Your assignment
Without pictures, output exactly the lines running from the line containing "En un gran espacio" to the end of the listing below.

Material provided

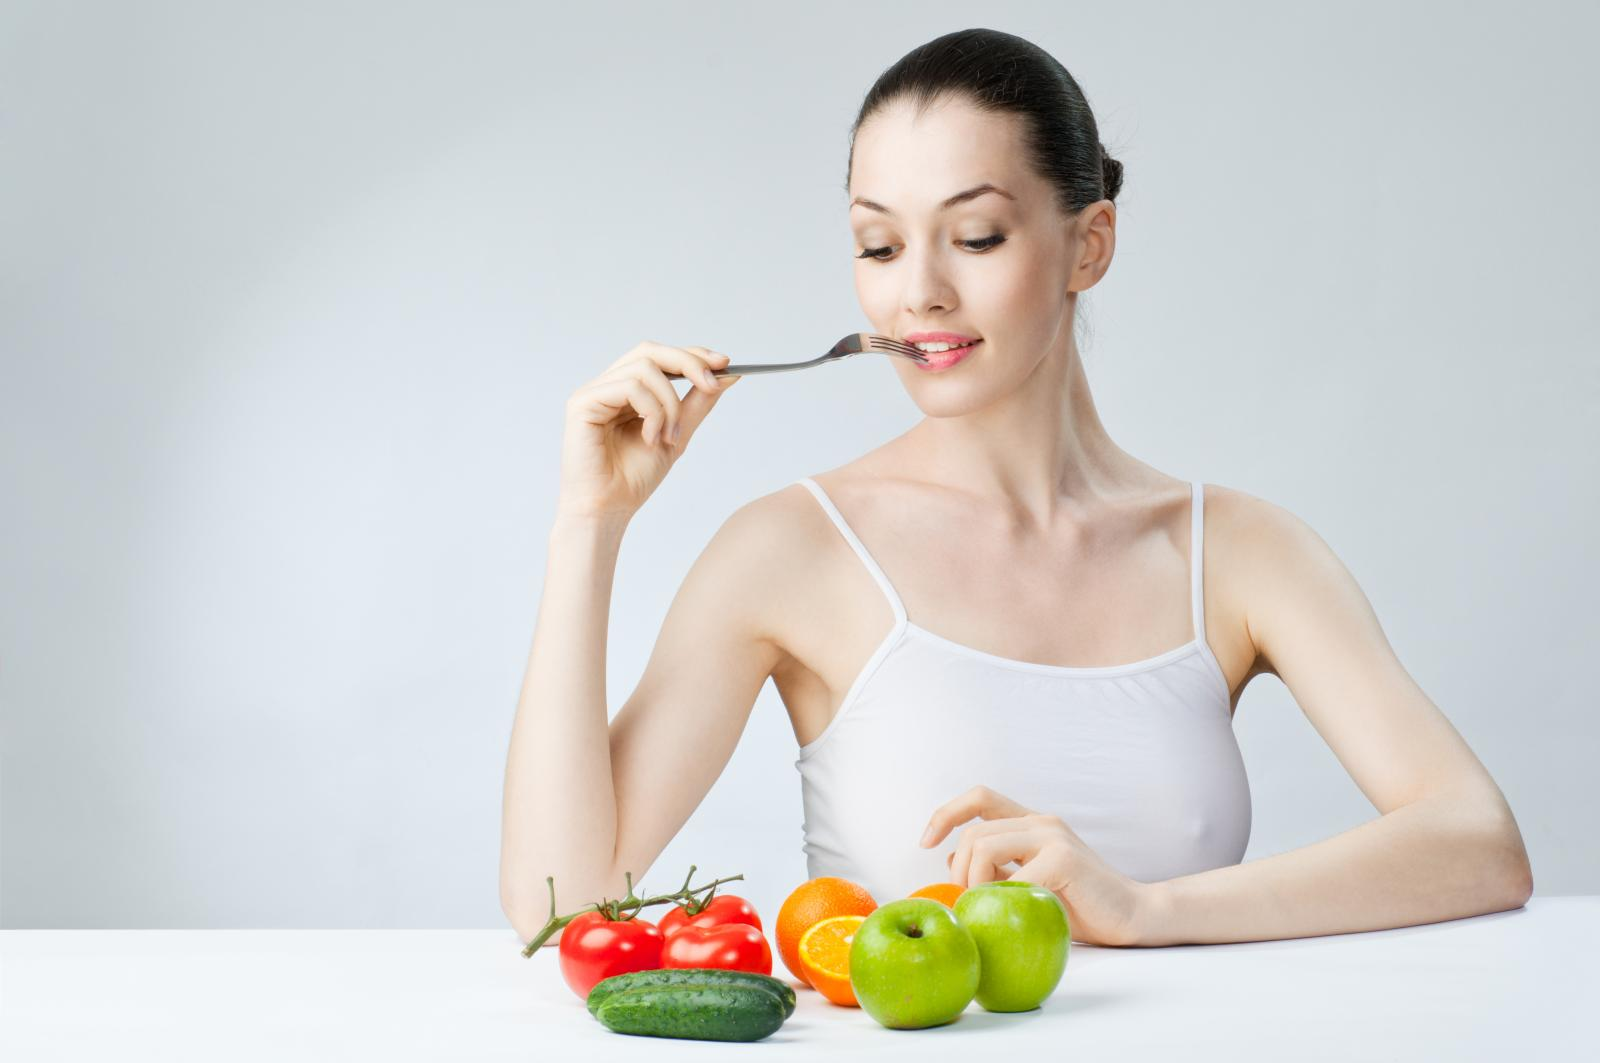 Соблюдать диету это
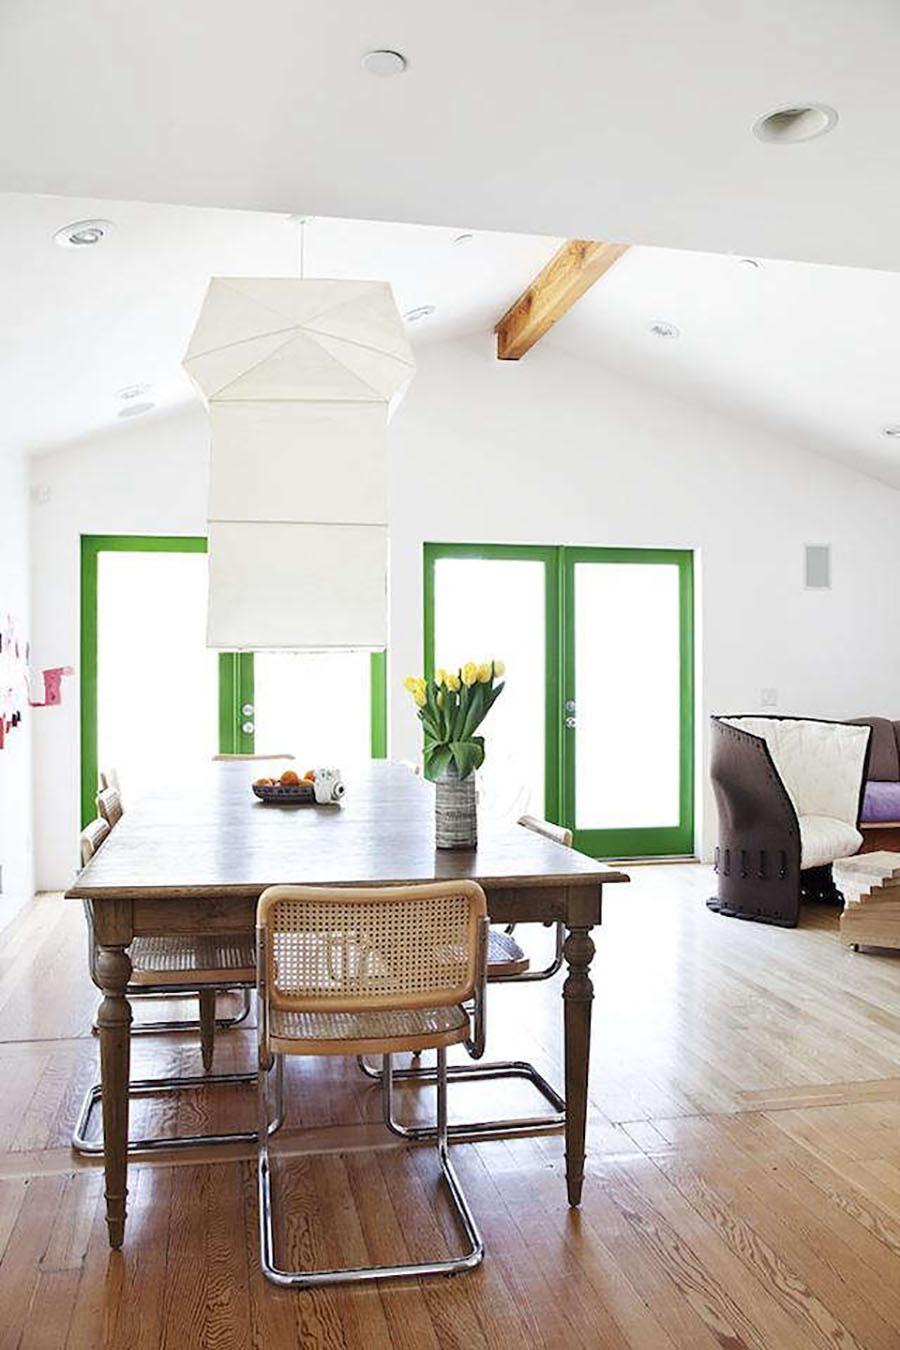 En un gran espacio abierto, los marcos de las puertas están pintados de un color verde brillante.
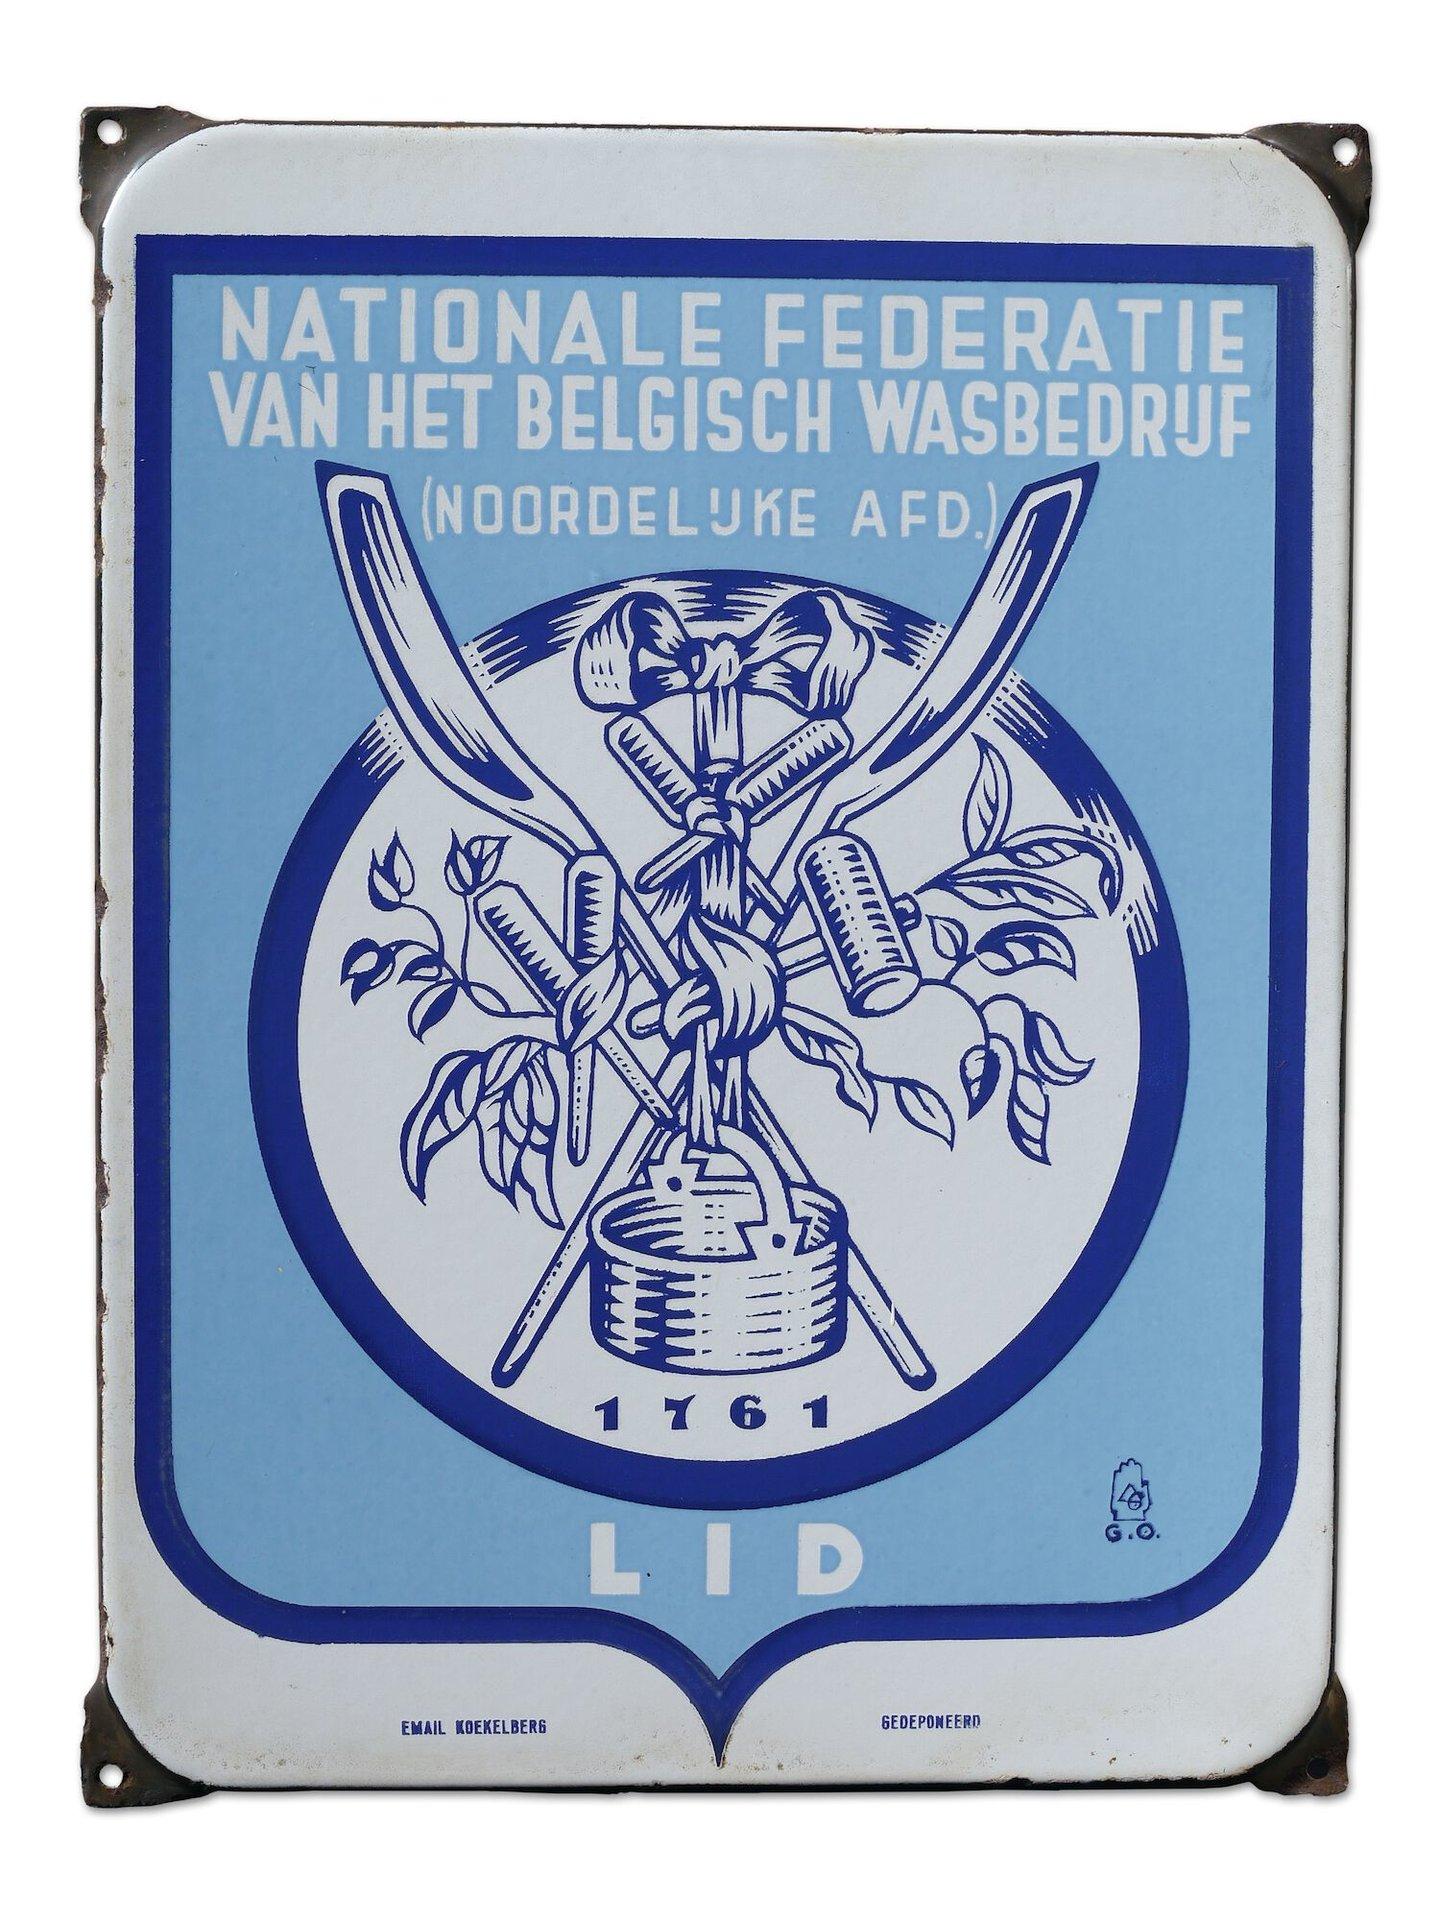 Geëmailleerd informatiebord van de Nationale Federatie van het Belgisch Wasbedrijf

Exercise answer
 En un gran espacio abierto, los marcos de las puertas están pintados de un color verde brillante.
 Geëmailleerd informatiebord van de Nationale Federatie van het Belgisch Wasbedrijf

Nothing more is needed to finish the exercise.